Reflections by the Lake
Fifteen minutes into 4th period I wandered down to the lake to see if I could make myself useful. As I walked down the waterfront steps, the first thing I noticed was how absolutely beautiful everything looked. The blue of the water was matched by the blue of the sky. I sat on the stone steps and scanned the lake. Far to the left Kamaji’s pontoon boat was anchored with eight hopeful fisher-campers and two counselors. Just a bit to the right, I could see nine Kamaji sailboats, some with their multi-colored sails. Far offshore there was a kayak class and a Stand-Up-Paddleboarding class. From a distance it’s hard to see the actual paddleboards so it looks as if the campers are gliding on the water. Looking a bit to the right I noticed about 5 windsurfers who, as they skimmed Wolf Lake, caught the reflection of the sun in their sails. And further to right I could see the Kamaji water-ski boats pulling campers in the distance. All of these activities were taking place far off shore so it was impossible to see which campers and counselors were doing what.
That certainly wasn’t the case with a couple of activities taking place right in front of me. On the swim docks Sarah Bronson and Mary Bauer, two swim instructors, were showing a group of campers how to jump in the water with rescue tubes. I heard the counselors say, “I want each of you to practice that three times.” The campers grabbed the tubes and put into action the instructions they had been given. (By the way, Lifesaving is a new Kamaji class this summer.) Right in front of me four campers were in their first day of sailboard (windsurf) instruction. Amy Moscowitz and Elizabeth Helzberg were in the water teaching the campers how to balance on the boards, pull up the sails and how to make the sailboards go in the direction they chose to go. Mind you, while two instructors with four campers sounds like a great ratio, there is a wealth of directions to explain to each camper. Nonstop instructions. “Lean back and pull up the sail. “Tip the sail back and you’ll turn to the right.” “Evelyn, that was great! Now pull in your sail. “Alicia, look at your mast. Make sure it’s straight up and down.” “Good job, now try to step around to the other side of the board.” I had forgotten how hard sailboarding is. There’s so much to learn and remember.

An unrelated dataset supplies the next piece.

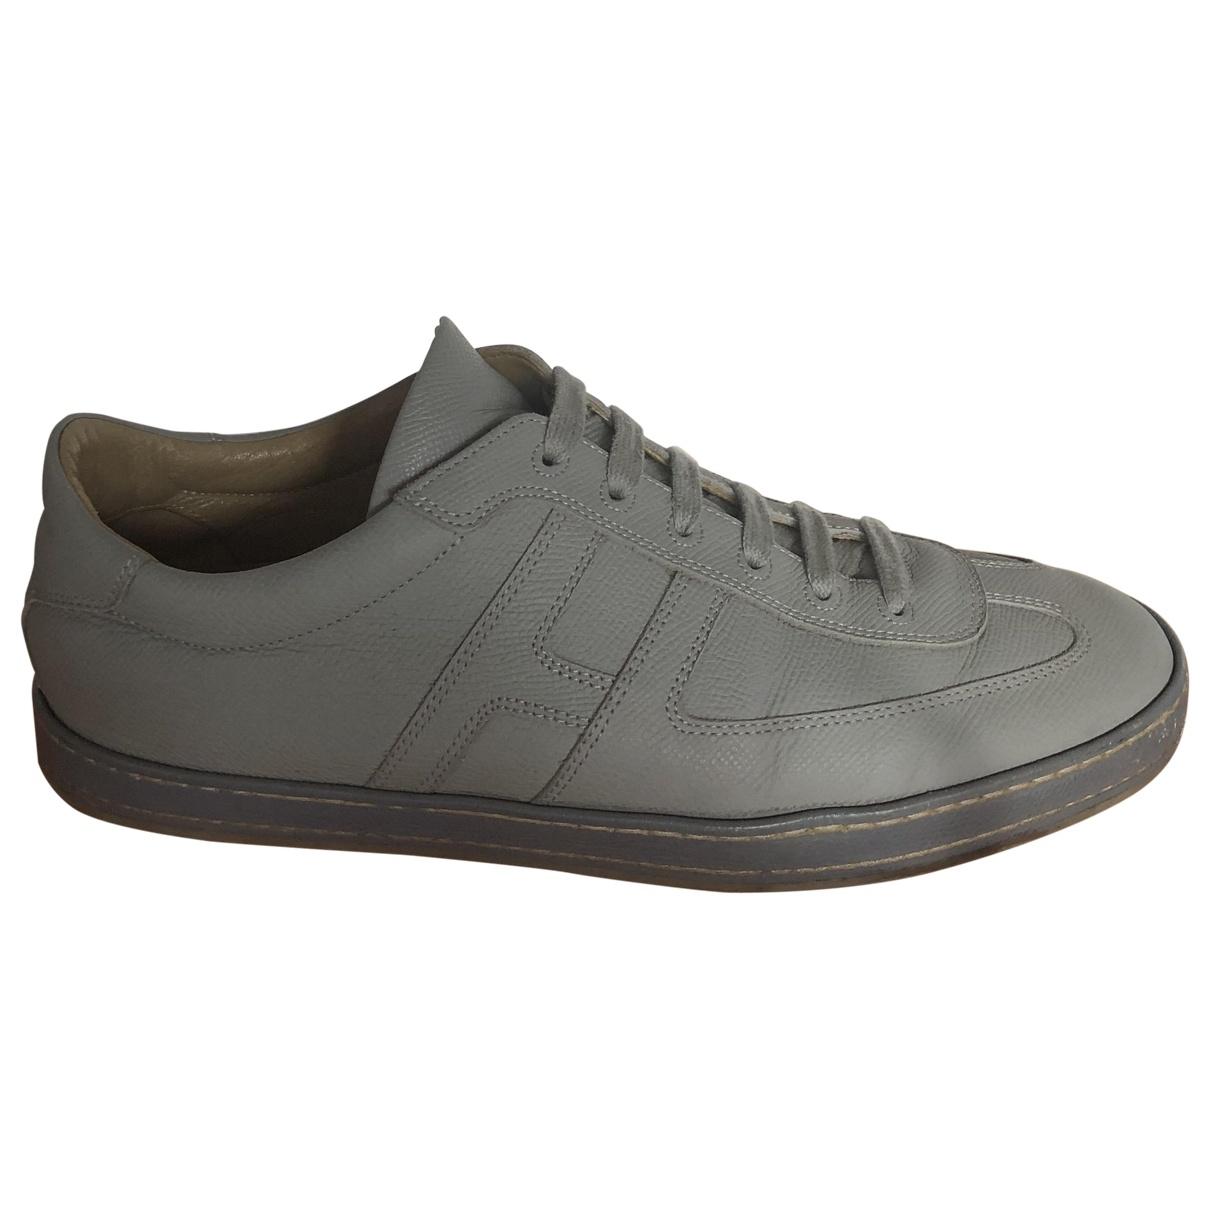 Hermès \N Grey Leather Trainers for Men 42 EU

So, what were this director’s impressions after 45 minutes of sitting on the stone steps?
1. I was “wow-ed” by the beauty of the entire scene. With the floodlight of sunshine reflecting off the crystal blue waters and with all those sailboats, motorboats, kayaks, sailboards and paddleboards skipping across Wolf Lake, it seemed like a choreographed ballet performance.
2. I was grateful there wasn’t a single boat on Wolf Lake that didn’t belong to Camp Kamaji. We are very fortunate to have a lake with little/no outside boat traffic which creates a private lake of sorts.
3. I was very, very impressed with all the wonderful instruction by Kamaji’s counselors. During 4th period, a total of 26 counselors were helping 66 campers learn skills they will have for the rest of their lives. If you happen to take a resort type vacation during the next year, your daughter may be able to teach you a thing or two.
4. Perhaps my most lasting impression of that 4th period was of the counselors. Wow. They take their responsibilities seriously. And what a lot of responsibility they have! Sixty-six campers learned new skills and did it under watchful, caring eyes. If you were a visitor, you’d have a hard time telling the difference between the 16 year old Counselors-in-Training and the 24 year old college graduates. They all looked like pros to me.
More later. . .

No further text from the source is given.